Trust is perhaps a conceptual alternative to the conventional disintegration metaphor. Trust is generally seen as one of the major resources that is lacking in post-conflict society. But trust does not simply fade away in a violent crisis. Rather, it changes its form. While trust in institutions may diminish or even disappear, personal trust becomes more important than ever. How does this transformation of trust affect the rebuilding of society? And to what degree is it possible to foster processes of conflict transformation by building on the existing forms of trust?

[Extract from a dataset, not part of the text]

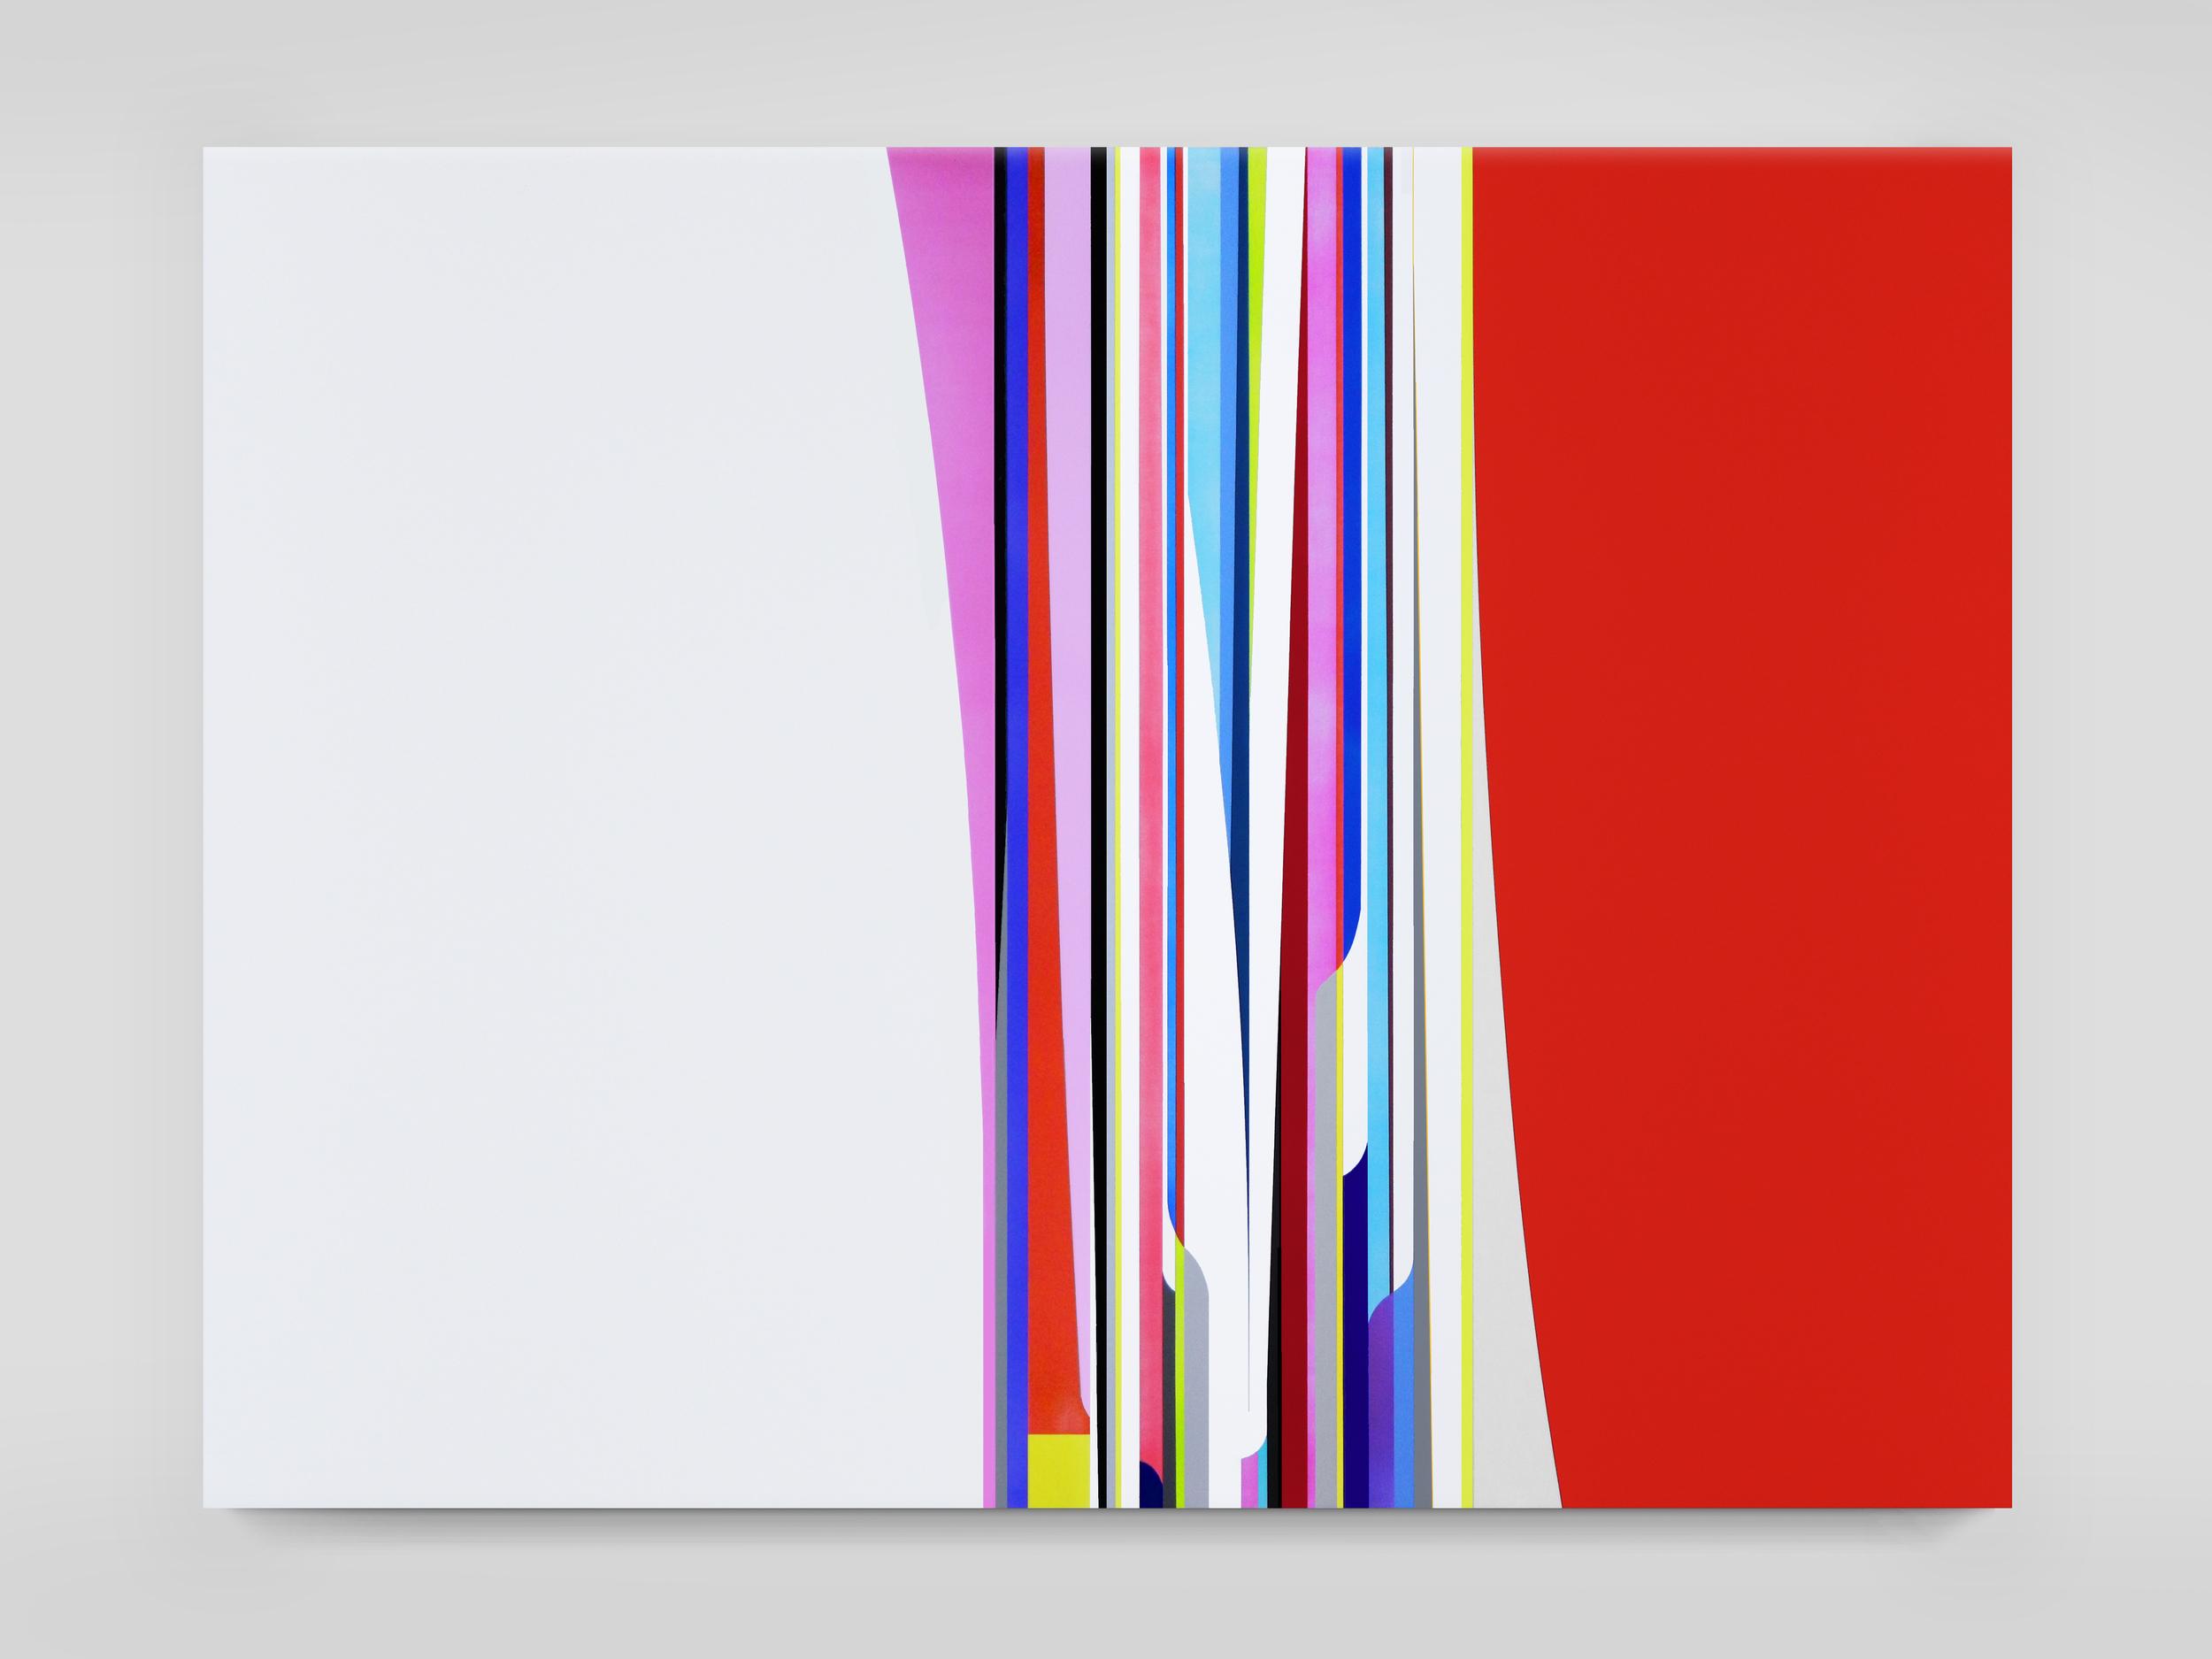 DION JOHNSON, Race Car, 2015, acrylic on canvas, 60 x 80 inches

This conference explores alternative views of the restructuration of social life in post-conflict societies and tries to compare different trajectories of coping with the past. It starts from the assumption that a violent crisis affects social relations deeply but does not bring them to an end. Social relations persist, albeit in different forms, so the challenge is to conceptualise alternative trajectories of societal rebuilding. The conference invites scholars from the social sciences and the humanities to think about alternatives concepts that may be more adapted to the particularities of local societies than the Christian model of sin, confession and absolution.
Possible contributions to the conference should address one or several of the following issues:
How are institutionalised processes of reconciliation perceived by the actors?
What are the comparative advantages and shortcomings of the different forms of coping with a violent past?
Are there conceptual or theoretical and empirical alternatives to the usual models of societal disintegration and reconciliation?
Abstracts of 250 words should be sent until March 30, 2012 to Sandra Burri s.burri-at-unibas.ch. The speakers will be notified on the acceptance of their contribution by May 31, 2012.